Some of the most valuable evidence in digital forensics and cyber incident response investigations never touches the disk. It exists only in Random Access Memory (RAM), the computer's high-speed working space where active processes, decrypted data, and live system state reside. This data can be captured and analyzed with memory forensics tools, revealing information about open applications, executed commands, viewed documents, and more.

RAM forensics is particularly indispensable during cyber incidents. It enables investigators to reconstruct attacker activity, detect fileless or injected malware, and gain a detailed view of system state at the moment of compromise—evidence that often exists nowhere else.

This article covers the essential elements of RAM forensics, including the types of data that can be extracted, how to acquire memory safely, and how to analyze RAM images effectively:

The basics of RAM forensics
RAM acquisition with Belkasoft Live RAM Capturer
Approach to RAM analysis in Belkasoft X
Analyzing a RAM dump in Belkasoft X
Examining RAM artifacts

As adversaries become more sophisticated, RAM forensics has evolved from a specialized field to a fundamental part of a solid cybersecurity incident response plan. Continue reading to learn practical memory forensics techniques and tips for examining volatile memory with Belkasoft X.

The basics of RAM forensics

RAM is the short-term working memory of a computer. It temporarily stores operating system services, running applications, and data that the system needs to access quickly. This data is volatile: it constantly changes and ultimately disappears when the computer is powered off. That is why, during a cyber incident or criminal investigation, it is critical to acquire a RAM image while the system is live, and as soon as possible—before relevant volatile data gets overwritten.

A memory snapshot, or RAM dump, can reveal evidence not available on disk, such as running processes, network connections, browser traces, active chats, cloud application data, injected code, malware, rootkits, passwords, and encryption keys.

Besides live RAM, you can find memory artifacts in the following locations:

Hibernation files: hiberfil.sys can contain parts of memory saved when the system hibernates
Page files: pagefile.sys can hold swapped memory pages

These files reside on the disk. They can help recover volatile evidence from earlier activities or, when live memory acquisition is not possible, serve as the primary source of memory artifacts.

The RAM forensics process typically involves two stages: acquisition and analysis. Each stage relies on specialized tools, techniques, and best practices.

RAM acquisition

Live memory acquisition often requires kernel-mode tools like Belkasoft Live RAM Capturer. Such tools operate at the highest privilege level of the operating system, granting unrestricted access to all physical memory, including protected areas. Belkasoft Live RAM Capturer is designed for Windows-based computers.

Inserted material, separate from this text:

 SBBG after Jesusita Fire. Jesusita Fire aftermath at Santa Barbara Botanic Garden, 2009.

To acquire RAM contents from other platforms, you can use tools like LiME for Linux and OSXPmem for macOS. During acquisition:

Avoid launching new applications: New processes may overwrite volatile memory and change the state you intend to capture.
Run acquisition from external media: Running the acquisition tool from a storage device that cannot write to the target system prevents unintentional modifications to system files, logs, and memory.
Capture full memory when possible: A raw image, such as the .raw or .mem format, preserves the original RAM structure and maintains compatibility with common forensic tools.

RAM analysis

A memory dump file looks like a big raw binary blob with seemingly random hex values and unreadable characters, which may make no sense until you analyze it with a specialized memory forensics tool. The following techniques and tools can help with memory analysis:

Carving: Recover raw content from memory by scanning for known file signatures and structural patterns. Carving reveals pictures, chat remnants, LNK files, and other fragments that may not be visible in structure-based analysis.
Structure-aware analysis: Using tools like Volatility, you can extract processes, loaded drivers, files, and other structures stored in memory. Such an analysis can help reveal persistence mechanisms, code injection, and runtime-only malicious activity.
Rule-based refinement: Apply YARA rules to identify known signatures in memory. Use Sigma rules to flag significant event-log patterns.

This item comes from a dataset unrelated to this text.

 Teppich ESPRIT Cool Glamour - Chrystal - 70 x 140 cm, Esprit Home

The following sections will review each step in detail, demonstrating how Belkasoft X can help with memory forensics tasks.

RAM acquisition with Belkasoft Live RAM Capturer

Belkasoft RAM Capturer is a free, portable tool designed to acquire RAM on Windows systems. The tool runs in kernel mode to bypass anti-dumping protections, creating forensically sound raw memory dumps (.mem format) in both 32-bit and 64-bit versions. It requires no installation and has a minimal system footprint.

To obtain a machine’s memory dump using Belkasoft RAM Capturer, run it as an administrator on the target machine (preferably from a USB drive). Select an external drive as the output destination, and then click Capture! to begin.

Belkasoft Ram Capturer main window

Belkasoft RAM Capturer

You can also acquire RAM, as well as other artifact types, using Belkasoft Triage on a local machine or using Belkasoft R on a remote one.

Approach to RAM analysis in Belkasoft X

After acquiring a memory image, you can add it to your case in Belkasoft X. The software automatically analyzes the memory dumps and extracts a wide range of artifacts, requiring minimal manual setup.

Belkasoft X’s approach to memory analysis is twofold:

Raw data carving on byte sequences
Structure-aware analysis with Volatility integration

We will explore both approaches more closely in the next sections.

What is carving?

Data carving is a technique used to recover files or data fragments directly from raw data sources, such as memory dumps or free, unallocated, and slack space on hard disks. It works by searching for known file signatures (headers and footers) or using other structural patterns.

Carving does not depend on the operating system's "directory" (such as the active process lists or file handle tables). Instead, it scans the entire "haystack" of memory to find the "needles" you are searching for.

Belkasoft X supports carving of a large number of memory artifacts out of the box, including URLs, emails, documents, pictures, and more. It also allows you to configure custom file signatures for additional file types.

What is Volatility?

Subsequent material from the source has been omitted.